Project Brief: Analyzing Booking Data for Shawn Hotel Groups (SHG)
Greetings from Shawn Hotel Groups (SHG). As a recently recruited Business Intelligence Analyst and Data Analyst, you will be essential to our efforts to solve the puzzles buried in our booking data. Renowned hospitality company SHG aims to improve visitor experiences and streamline corporate processes by utilizing data-driven insights. Your task is to thoroughly examine one of our best resorts' past booking data in order to identify trends, comprehend consumer behavior, and offer useful suggestions for tactical decision-making.
Project Overview:
Your task involves a thorough analysis of a comprehensive dataset, featuring intricate details of bookings, guest demographics, distribution channels, and financial metrics. By applying your analytical prowess, we aim to extract meaningful insights that will not only inform operational improvements but also contribute to the overall success of SHG in delivering unparalleled hospitality.
Data Dictionary:
● Booking ID: Unique identifier for each booking.
● Hotel: Type or name of the hotel within the Shawn Hotel Group.
● Booking Date: Date when the booking was made.
● Arrival Date: Date when the guests are scheduled to arrive.
● Lead Time: Number of days between the booking date and arrival date.
● Nights: Number of nights the guests are booked to stay.
● Guests: Number of guests included in the booking.
● Distribution Channel: The channel through which the booking was made (e.g., Direct, Online Travel Agent, Offline Travel Agent).
● Customer Type: Type of customer making the booking (e.g., Transient, Corporate).
● Country: Country of origin of the guests.
● Deposit Type: Whether a deposit was made for the booking (e.g., No Deposit, Deposit).
● Avg Daily Rate: Average daily rate for the booking.
● Status: Status of the booking (e.g., Check-Out, Canceled).
● Status Update: Date of the last status update for the booking.
● Canceled (0/1): Binary indicator of whether the booking was canceled (1 if canceled, 0 if not canceled).
● Revenue: Revenue generated from the booking.
● Revenue Loss: Loss in revenue if the booking was canceled (negative value if the booking wasn't canceled).
Booking Patterns:
● What is the trend in booking patterns over time, and are there specific seasons or months with increased booking activity?
● How does lead time vary across different booking channels, and is there a correlation between lead time and customer type?
Customer Behavior Analysis:
● Which distribution channels contribute the most to bookings, and how does the average daily rate (ADR) differ across these channels?
● Can we identify any patterns in the distribution of guests based on their country of origin, and how does this impact revenue?
Cancellation Analysis:
● What factors are most strongly correlated with cancellations, and can we predict potential cancellations based on certain variables?
● How does the revenue loss from cancellations compare across different customer segments and distribution channels?
Revenue Optimization:
● What is the overall revenue trend, and are there specific customer segments or countries contributing significantly to revenue?
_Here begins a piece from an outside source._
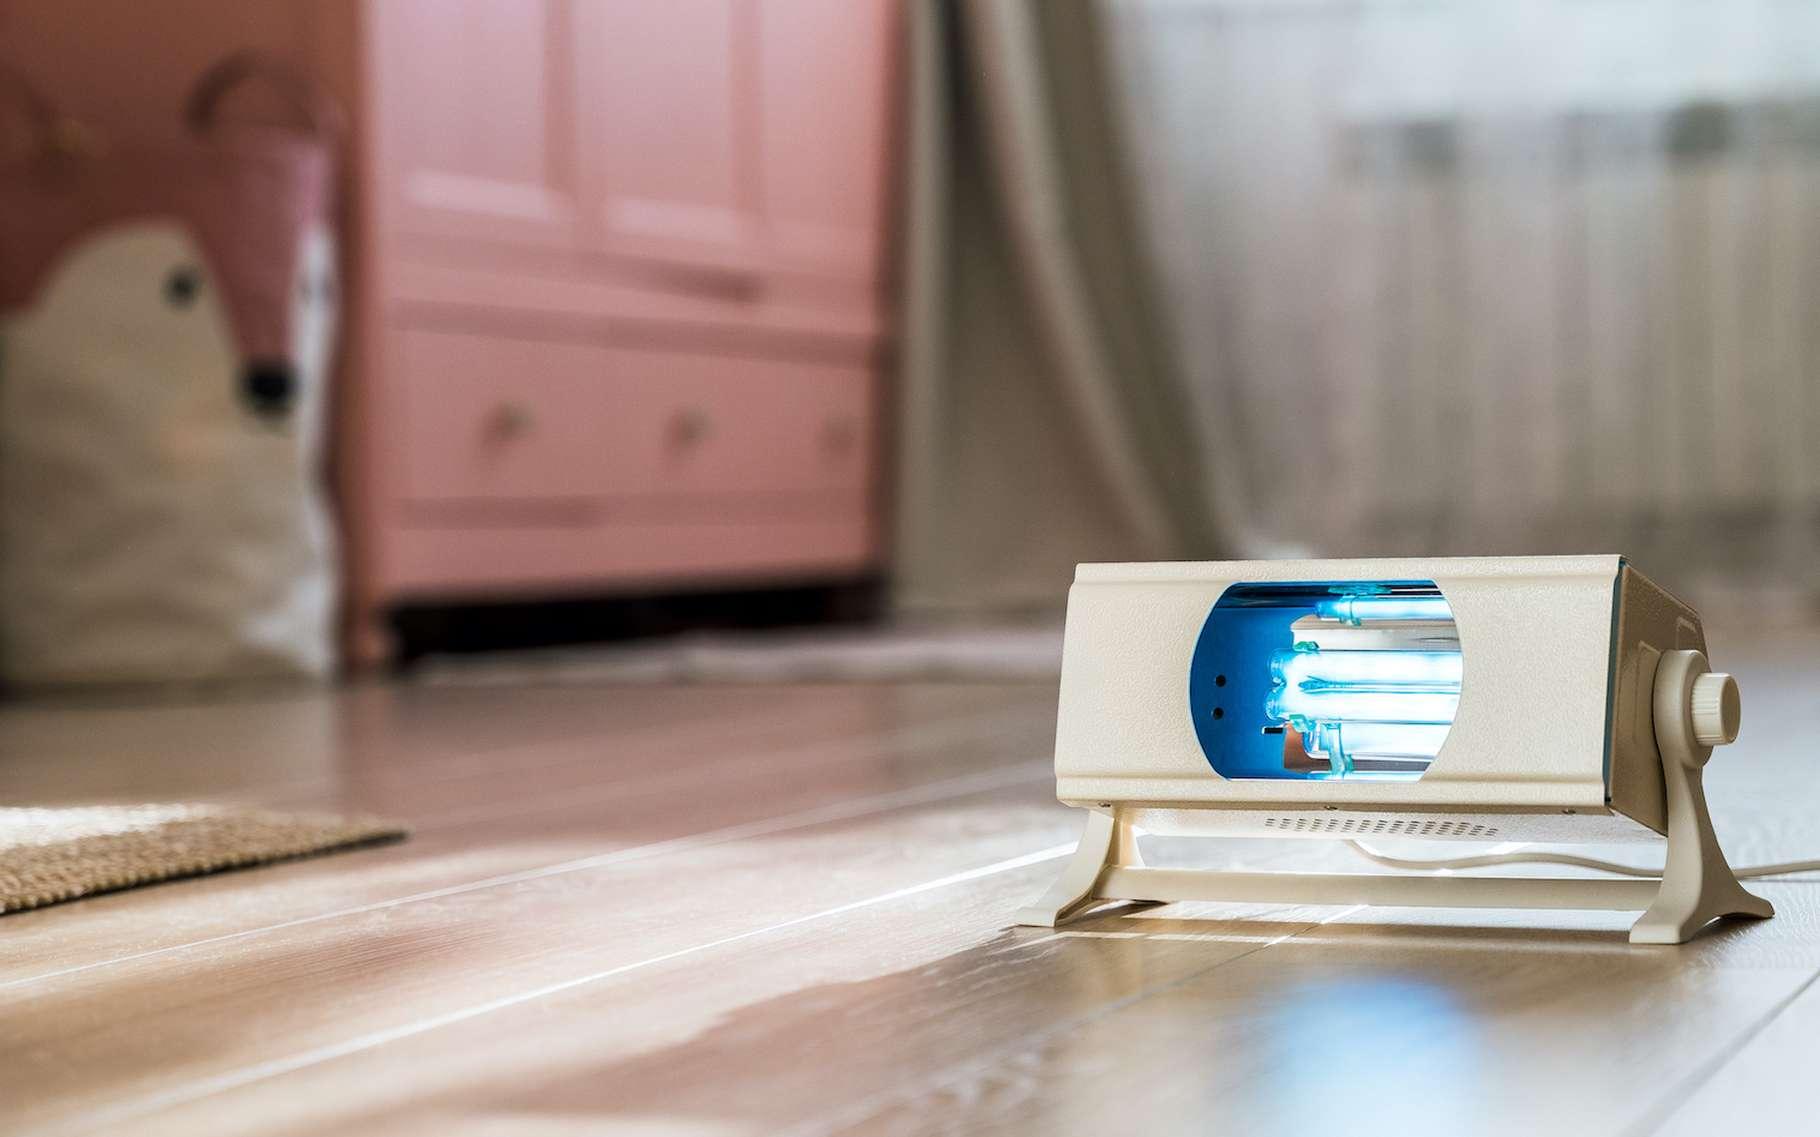 Des chercheurs de l'université de Penn State (États-Unis) semblent avoir trouvé une solution technique pour produire des appareils à UV portables capables de désinfecter les surfaces souillées par le coronavirus — et d'autres virus. © Galina Geier, Adobe Stock

● Can we identify optimal pricing strategies based on the Average Daily Rate (ADR) for different customer types and distribution channels?
Geographical Analysis:
● How does the distribution of guests vary across different countries, and are there specific countries that should be targeted for marketing efforts?
● Is there a correlation between the country of origin and the likelihood of cancellations or extended stays?
Operational Efficiency:
● What is the average length of stay for guests, and how does it differ based on booking channels or customer types?
● Are there patterns in check-out dates that can inform staffing and resource allocation strategies?
Booking Patterns
- The year 2016 has the highest number of bookings with 49% of the total bookings all four years.
- January and February have the combination of 25% of the total bookings in all months.
- The 17th of the month has the highest number of booking while the five lowest number of booking day are 28, 27, 30, 29, and 31. This indicates that custimers don't make much booking on the last days of the month compare to the early days of the month.
- The first and last quarter of the recorded 59% of the total bookings. Q1 has the highest with 33.5%.
- Offline Travel Agent has the highest number of lead time followed by online travel agent.
- Customer types like Contract and Transient-party have the highest number of lead time.
Customer Behaviour Analysis
- The channel with the most bookings is Online Travel Agent with 62.22% of the total bookings.
- Online Travel Agent and Direct have the highest number of Avg Daily Rate.
- The top 3 countries with the highest revenue contribute to 54.9% of the total revenue
Cancellation Analysis
- Transcient has the highest revenue loss from cancellation across different custom segments
- Online Travel agent has the highest revenue loss from cancellations across different customer segments.